◆ PROMPT
Keep the images out while you retype all of the data exactly.

◆ DATA BLOCK

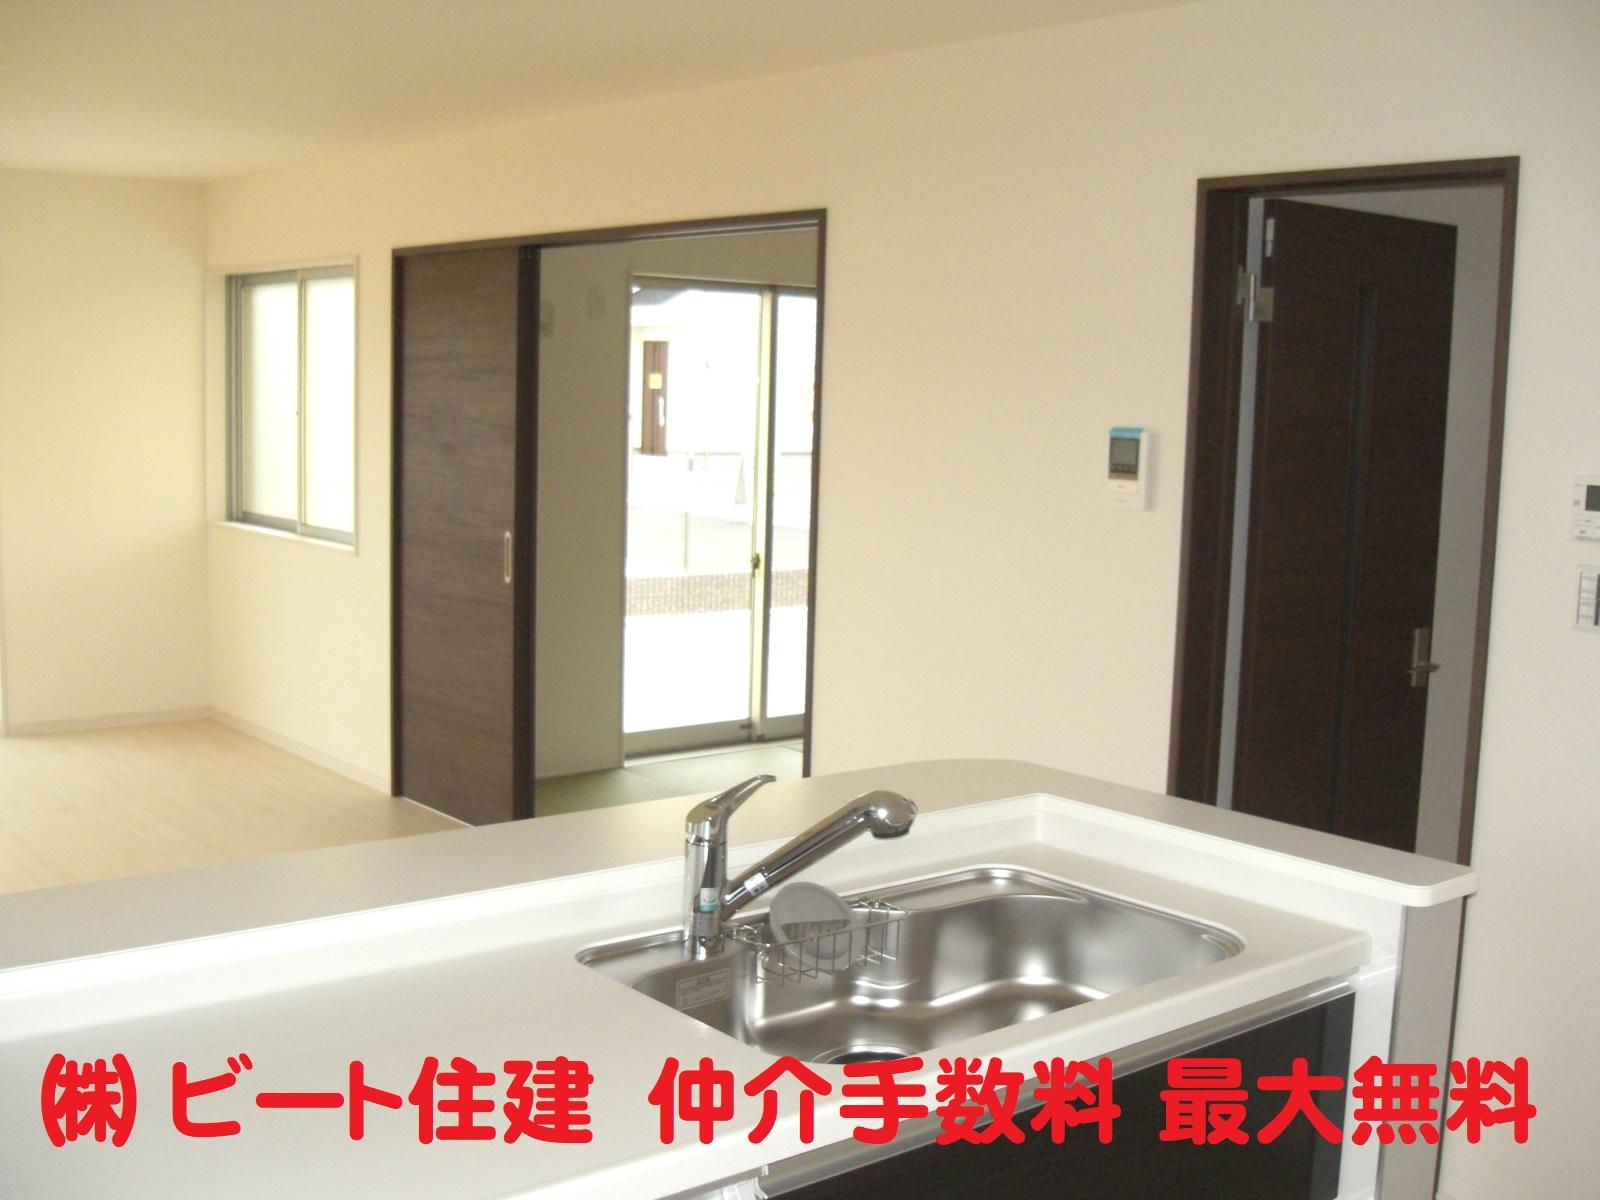 奈良県 新築住宅を ご購入で、仲介手数料 & 住宅ローン代行費用が 最大無料です。
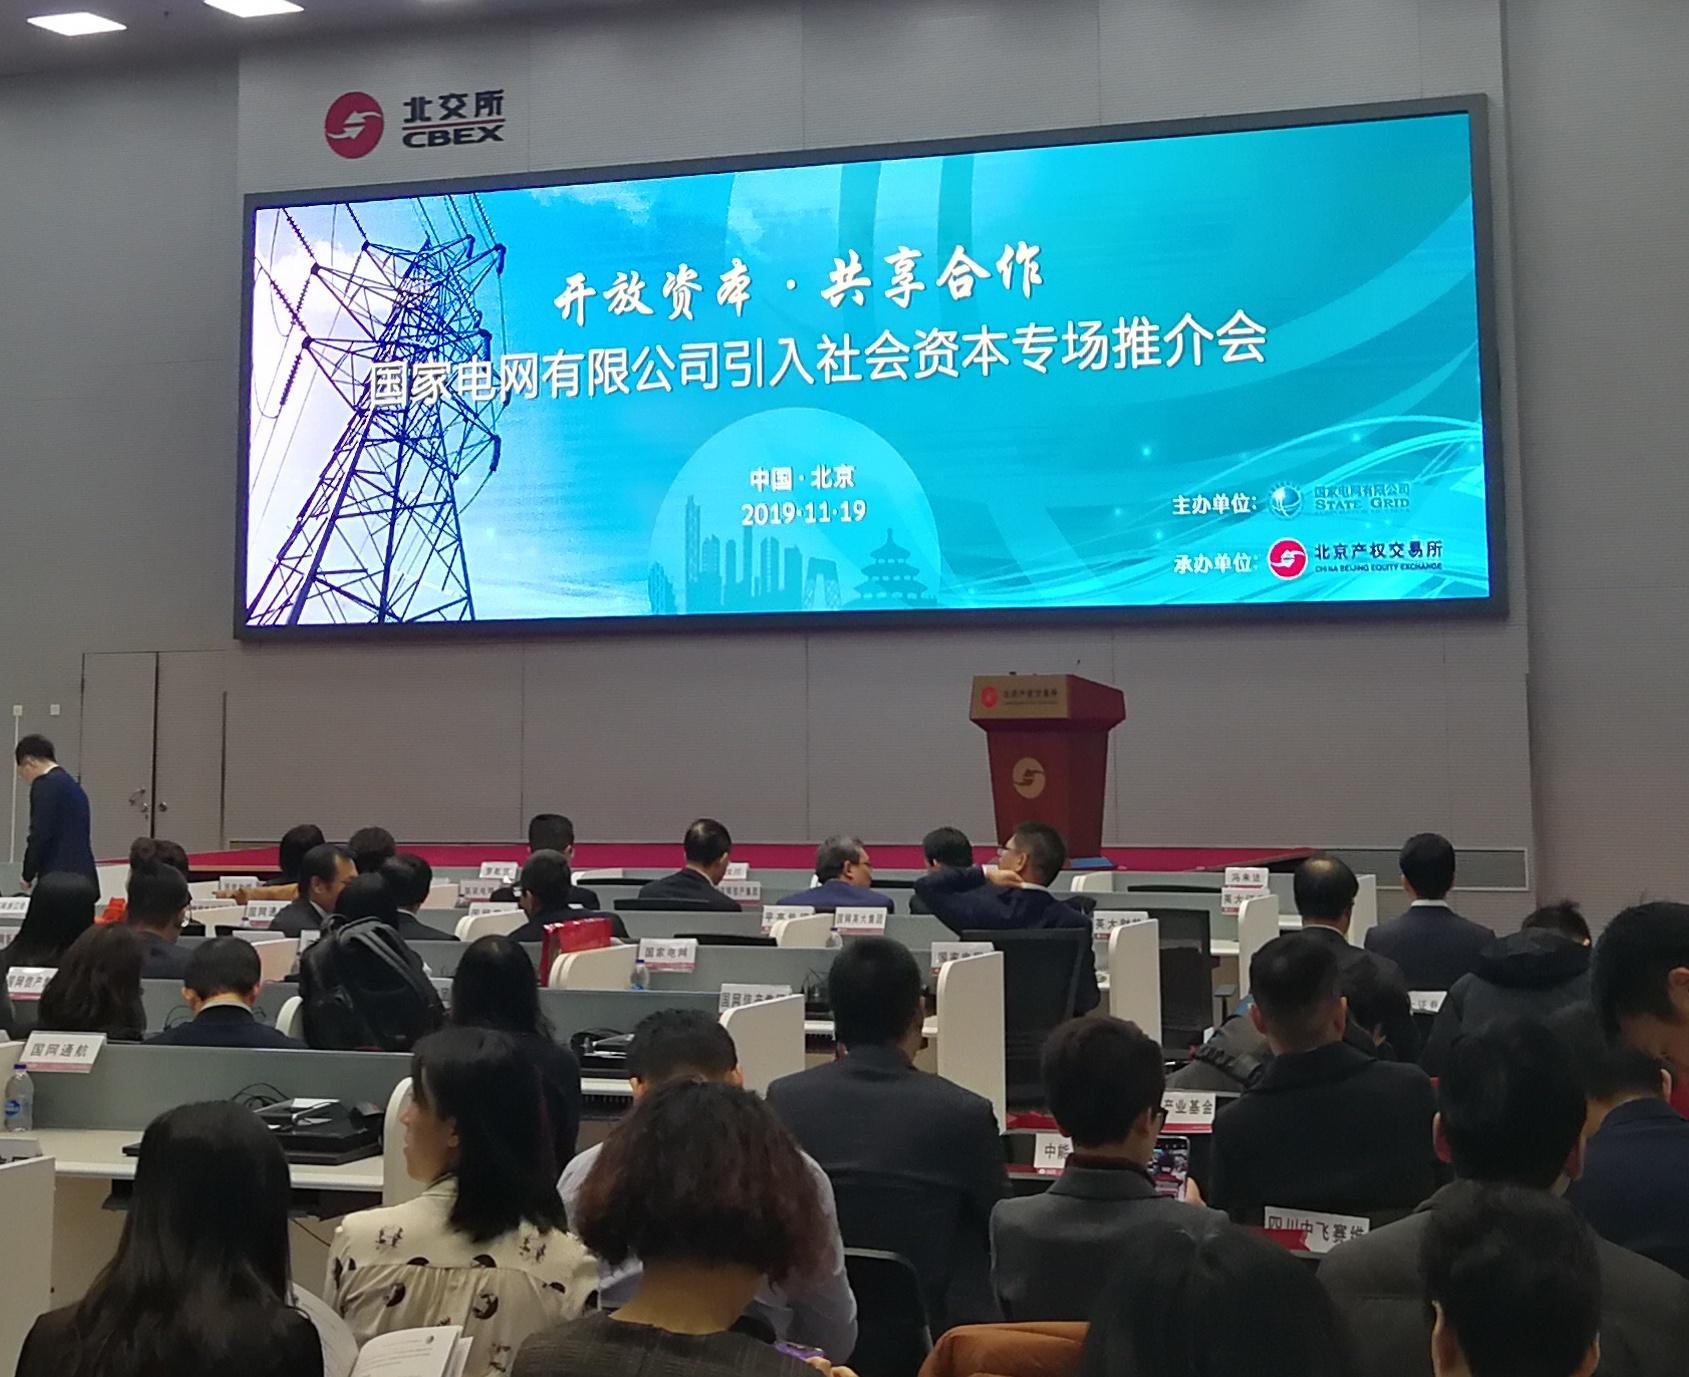 国家电网12个重点混改项目集中亮相,含白鹤滩—浙江±800千伏特高压等
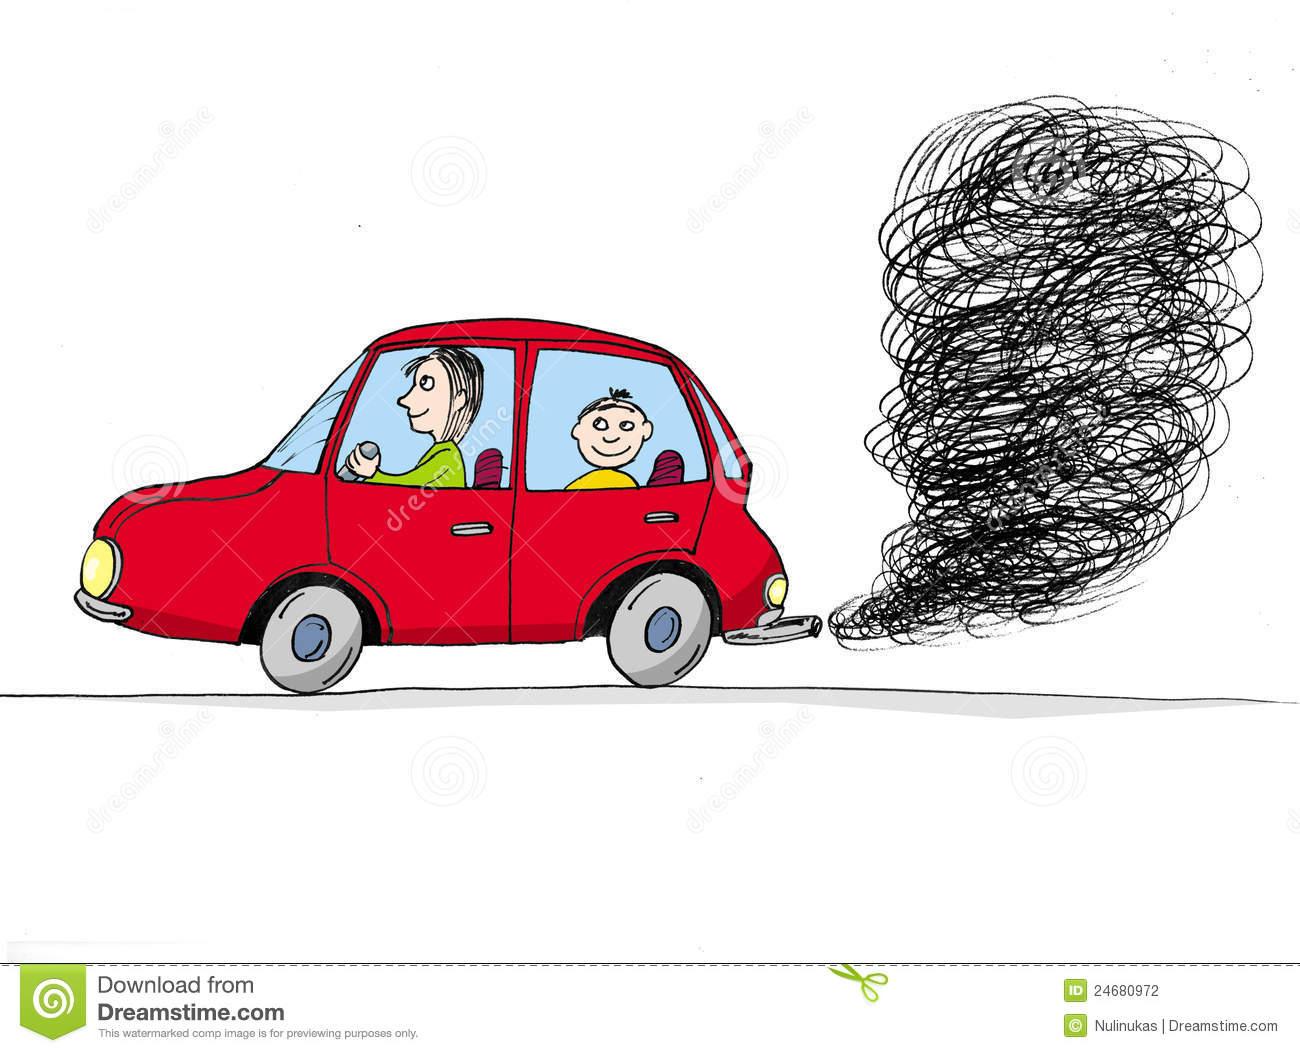 Pollution clipart auto #7

◆ EXERCISE OUTPUT
 奈良県 新築住宅を ご購入で、仲介手数料 & 住宅ローン代行費用が 最大無料です。
 国家电网12个重点混改项目集中亮相,含白鹤滩—浙江±800千伏特高压等
 Pollution clipart auto #7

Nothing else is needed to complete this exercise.